When I think of the concept of green living, I associate it with commercialism and hype. Green is a company producing a more environmentally friendly plastic bag when we should be trying to stop using so many plastic bags in the first place. Green encourages us to be just as focused on consuming as before, only shift our thought patterns slightly to the left. Green does not invite real change, it draws in the hip and trendy and when it goes out of style, nothing is any different.

Natural living encourages an entire lifestyle change. Natural living is about reducing our consumption, even if it means stepping out of our comfort zone to do so. It's about learning to live in harmony with nature, which means fewer products, not greener ones. To be natural is to be the way that you were meant to be, living the way your body was meant to live, the way nature intended.

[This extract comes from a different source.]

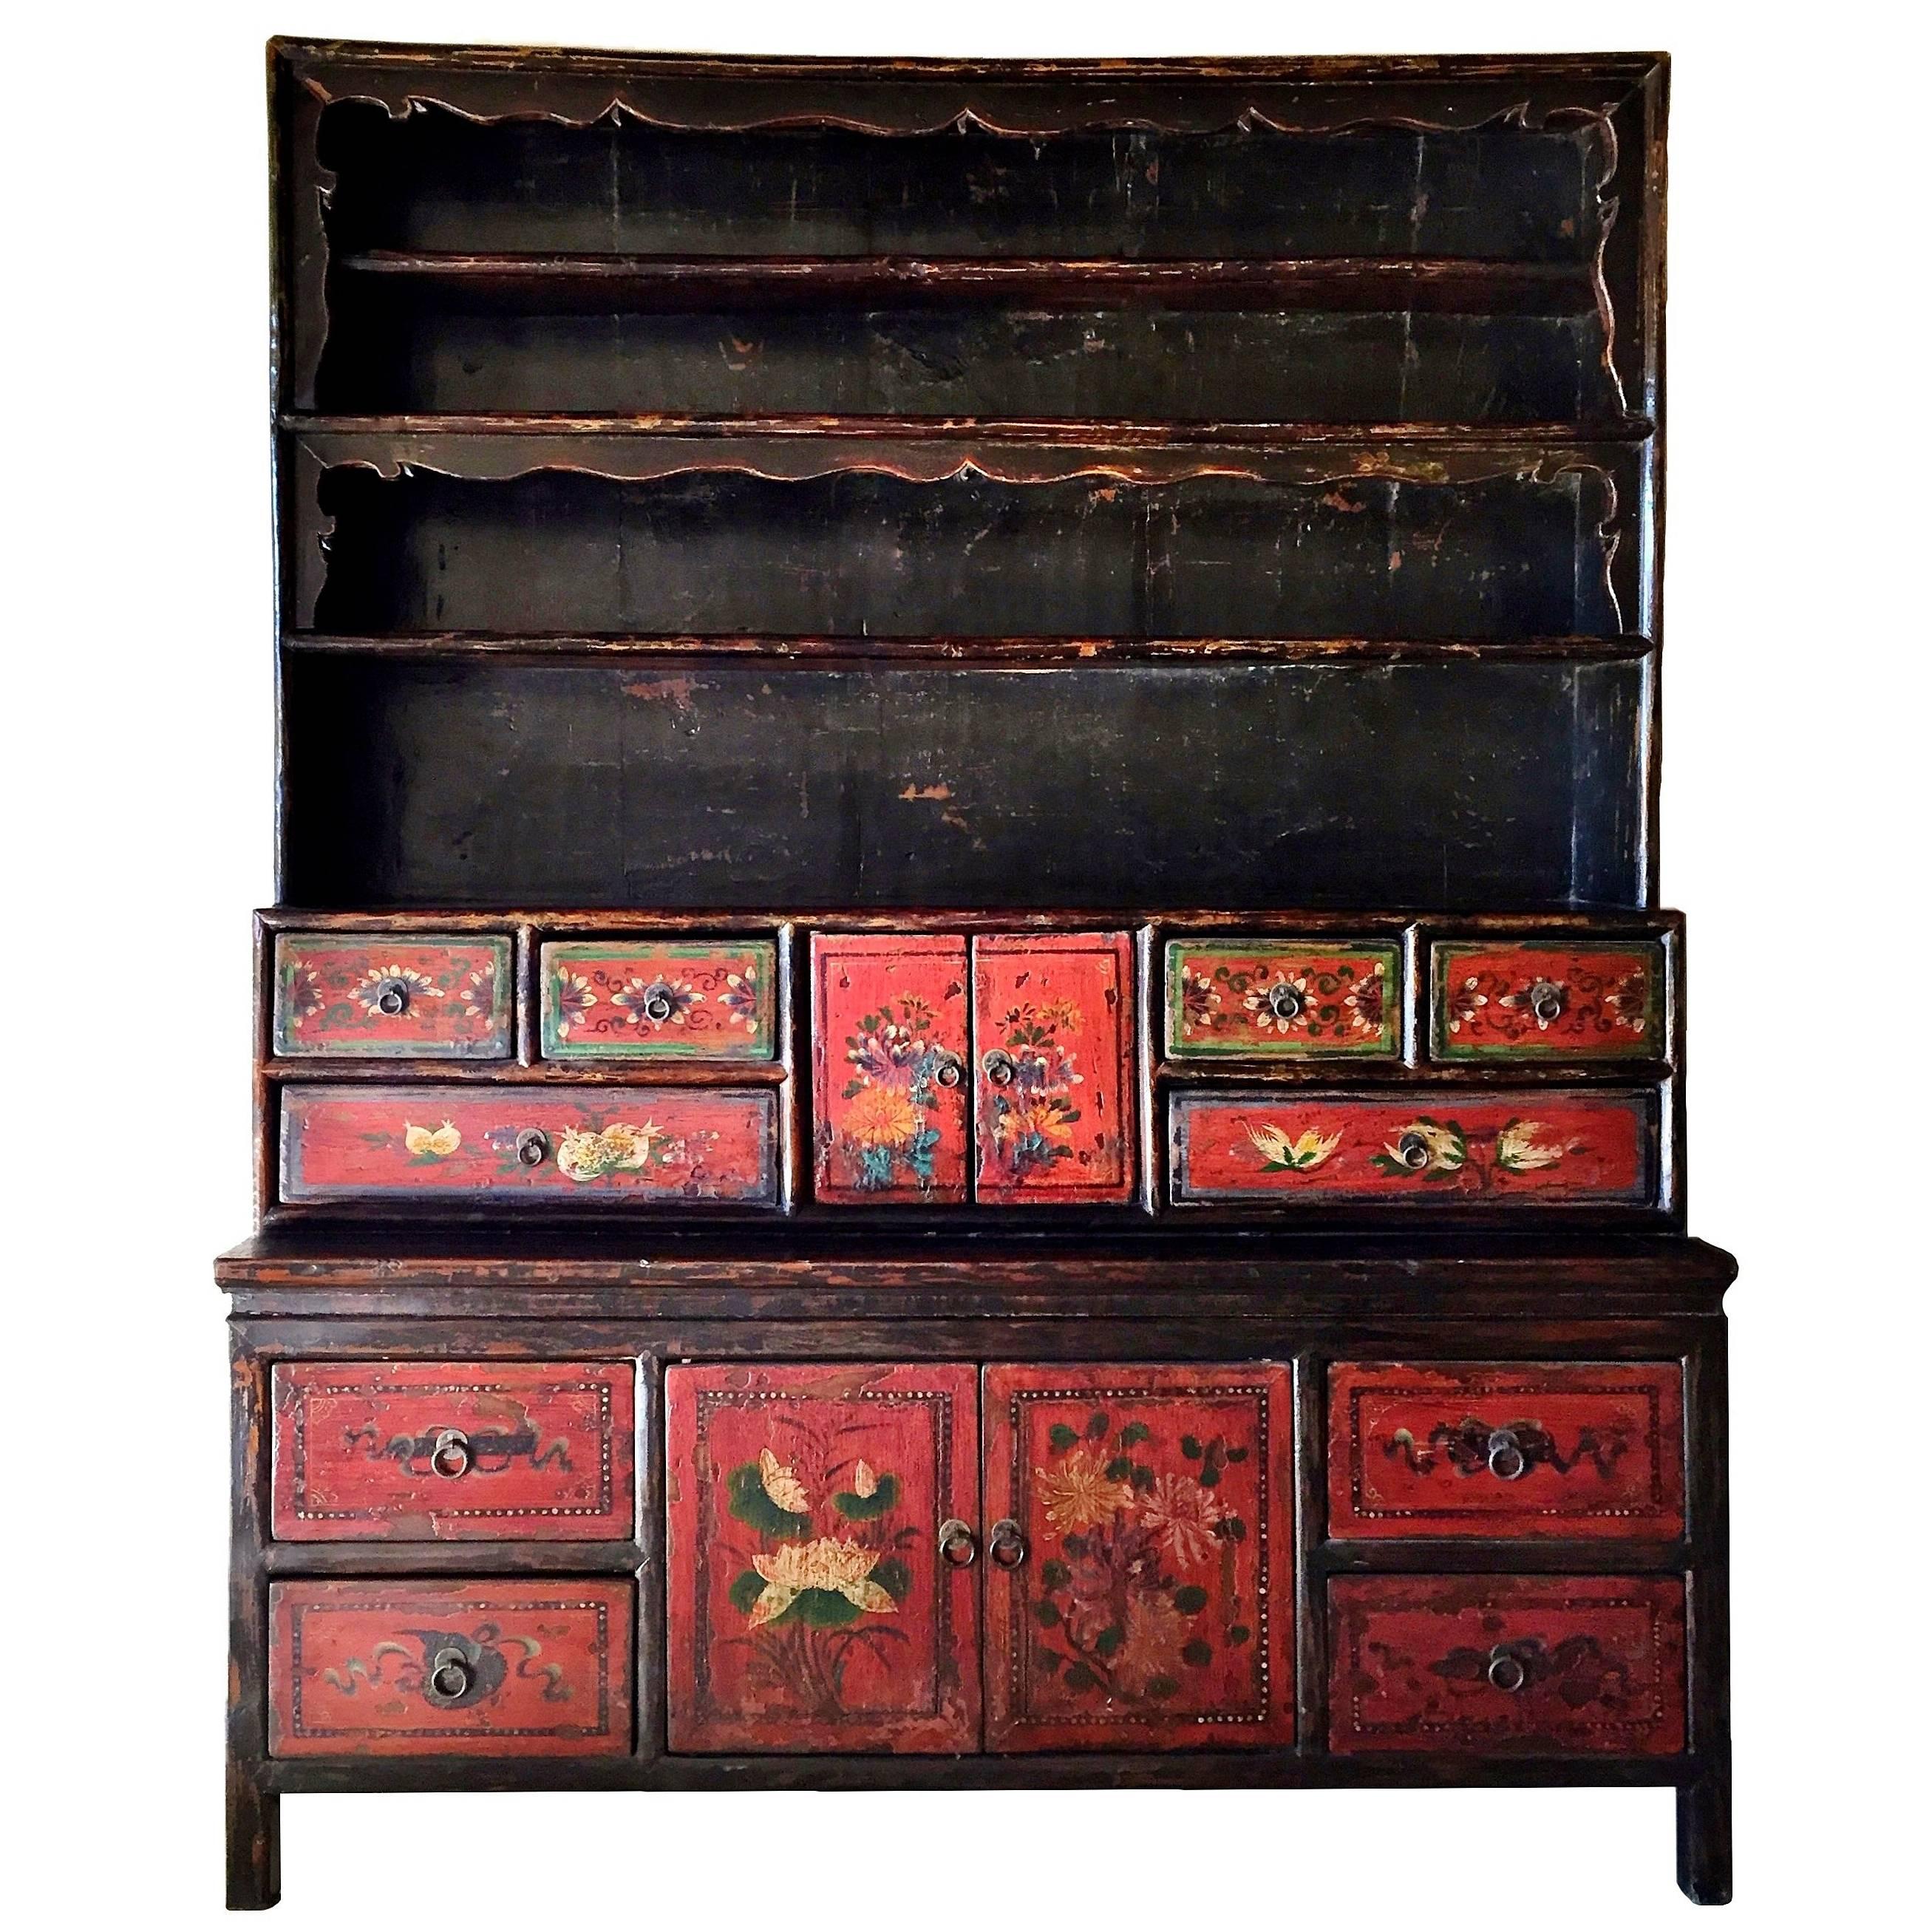 Antique Tibetan Cupboard, Hand-Painted Chest, Large, 19th Century

This isn't to say that there are no virtues to the green movement. Making environmentally friendly things more trendy and popular might help to encourage people who would otherwise shun the natural life as too "hippie" or "earthy crunchy" to make a real lifestyle change. And I don't think anyone is complaining about places like LA reducing carbon emissions. But we need to focus on a real life change, not just a trendy grocery bag that gets stuck in the closet next month.

I encourage all of us to take the steps to move towards a more natural life that will last a lifetime.

Tip of the day: Starting seedlings indoors this time of year? Try using egg cartons until the seedlings have 2 or more true leaves. The egg carton can be torn apart and transplanted without disturbing the roots of the seedlings and it is naturally biodegradable.

Tuesday, February 16, 2010

New to blogging, yet not.

Well, welcome to all those who are visiting my blog for the first time. Although I'm new to the official blogosphere, I've written in an online diary since 2000, so the concept of splashing my life all over a screen for others to peruse really isn't anything new to me.

I grew up in a very suburban and consumerist environment and only recently began attempting to live in a way closer to the way nature intended. My husband and I have moved into a house with enough acres to start a sizable garden and hopefully begin raising some livestock. We already compost and recycle, and are trying to learn how to better reduce our consumption and reuse what we already own. We feed our cats an all raw diet of chicken, chicken and more chicken (and some supplements).

The biggest challenge for me blogging right now is learning more HTML than the basics I already knew. The biggest challenge for me with natural living is finding the happy equilibrium between natural and within my price range. As a stay at home mom, we live off of my husband's income alone, plus whatever I can bring in through my freelance nature photography and whatever I'm able to sell during the growing season (produce, herbal teas, flowers). So sometimes organic isn't the easiest thing to do. I hope to share tips and tactics I've found for doing natural cheaper as I blog about life living in Maine, renovating a house and living a more natural and healthy life. I will feature these tips in the "tip of the day" at the end of each post.

I hope you enjoy this blog, and if you do, tell everyone you know! I firmly believe a more natural life is a healthier life.

Tip of the day: Spider plants are a virtually indestructible houseplant that can thrive even if neglected, will produce baby plants if well cared for, and will filter toxins out of your air. Find someone who has one already and see if it has babies to get a free starter plant. They can live indefinitely if well cared for.